On May 19, 2002 Agents from the US Federal Bureau of Investigation (FBI) reportedly brought Meiring out of Davao City to Manila via Subic Air through chartered flight allegedly arranged by the US Embassy in Manila. By May 22, he is already confined at the Makati Medical Center which is one of the two hospitals accredited by Meiring's medical insurance. Meiring's insurance could not cover the American's bills at the Davao Medical Center which is the reportedly the reason for his immediate transfer.

Victim

Michael Terrence Meiring is a former citizen of South Africa of British descent who reportedly fled the African country during the later years of the Apartheid era. He reportedly practiced his profession as a doctor for the South African police while being affiliated with the African National Congress of Nelson Mandela.

David Hawthorn, a close friend of Meiring claimed that his friend confessed of giving of a box of old US federal notes to the Mandela government. The box was one of 12 with each estimated to contain $500 million each. Meiring secured permits from the Fidel Ramos administration to hunt for treasure in sunken American and Japanese ships. He later partnered with a powerful Manila-based group which has links to James Rowe. According to American intelligence analyst Dan Crawford, Rowe himself is linked to a Nevada white supremacist and tax revolt group which has connection the Neo-Nazi Party in the United States and the Fifth Reich group of Germany.

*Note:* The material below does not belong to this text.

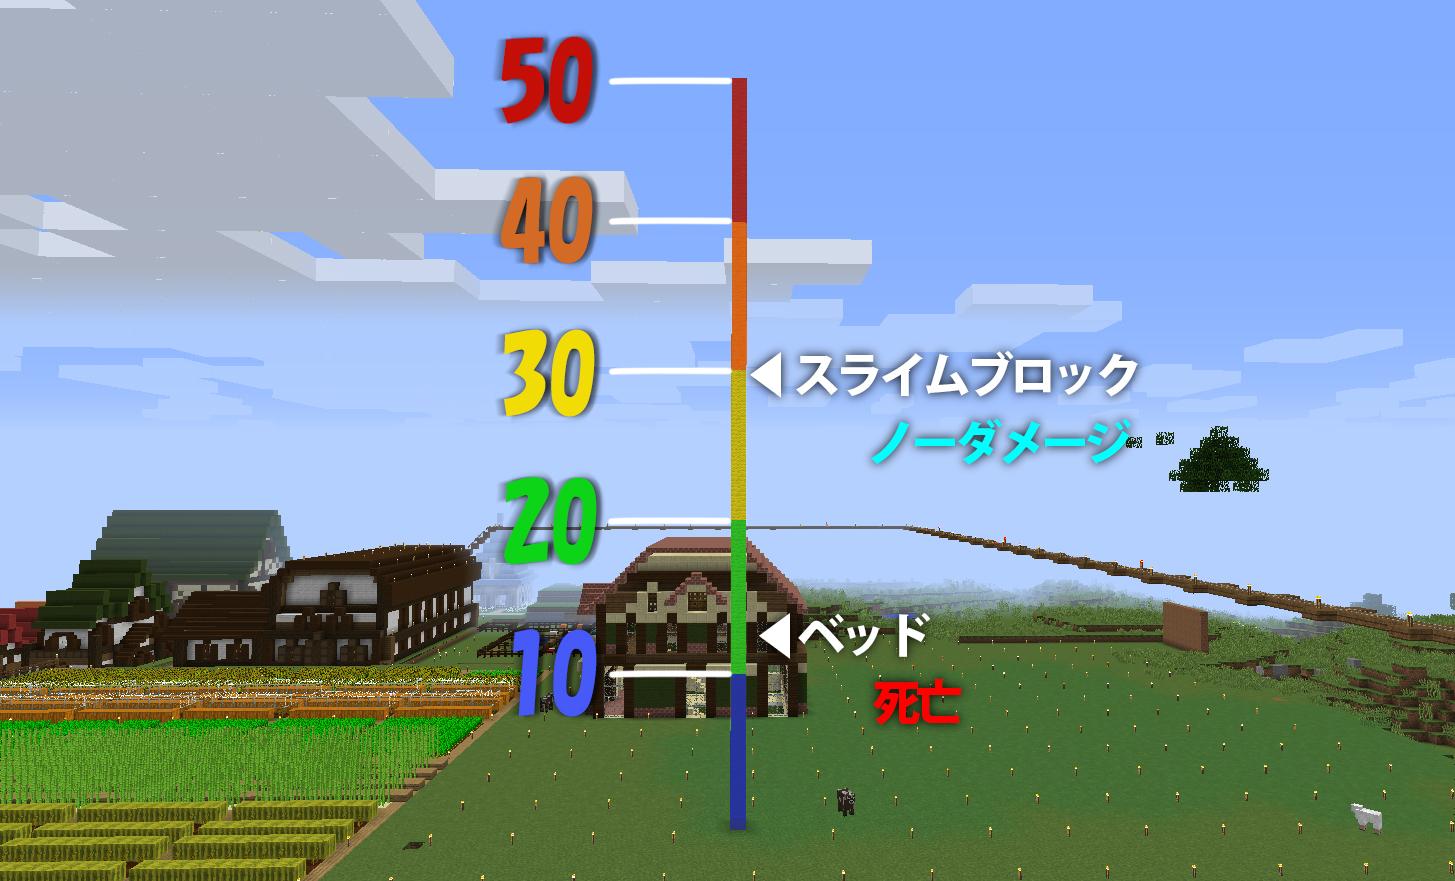 アップデート記念塔 kekka.jpg

Meiring's American friends suspected that the Manila group may have conspired against him. According to both Hawthorn and secretary Silvya Durante, Meiring was feared for his life who reportedly says "it has to do with the treasure".

Legacy

The explosion is attributed to President Rodrigo Duterte's hostility towards the United States. In May 2016, Duterte's spokesman Peter Laviña cites the incident that involve Meiring as the reason for Duterte's negative sentiment towards the United States.

Meiring was brought out of the country supposedly by US Embassy officials despite facing charges of possessing explosives which Duterte took offense against. He called the alleged act a disrespect against the sovereignty of the Philippines. Duterte says that he has received no apology from the United States for the incident.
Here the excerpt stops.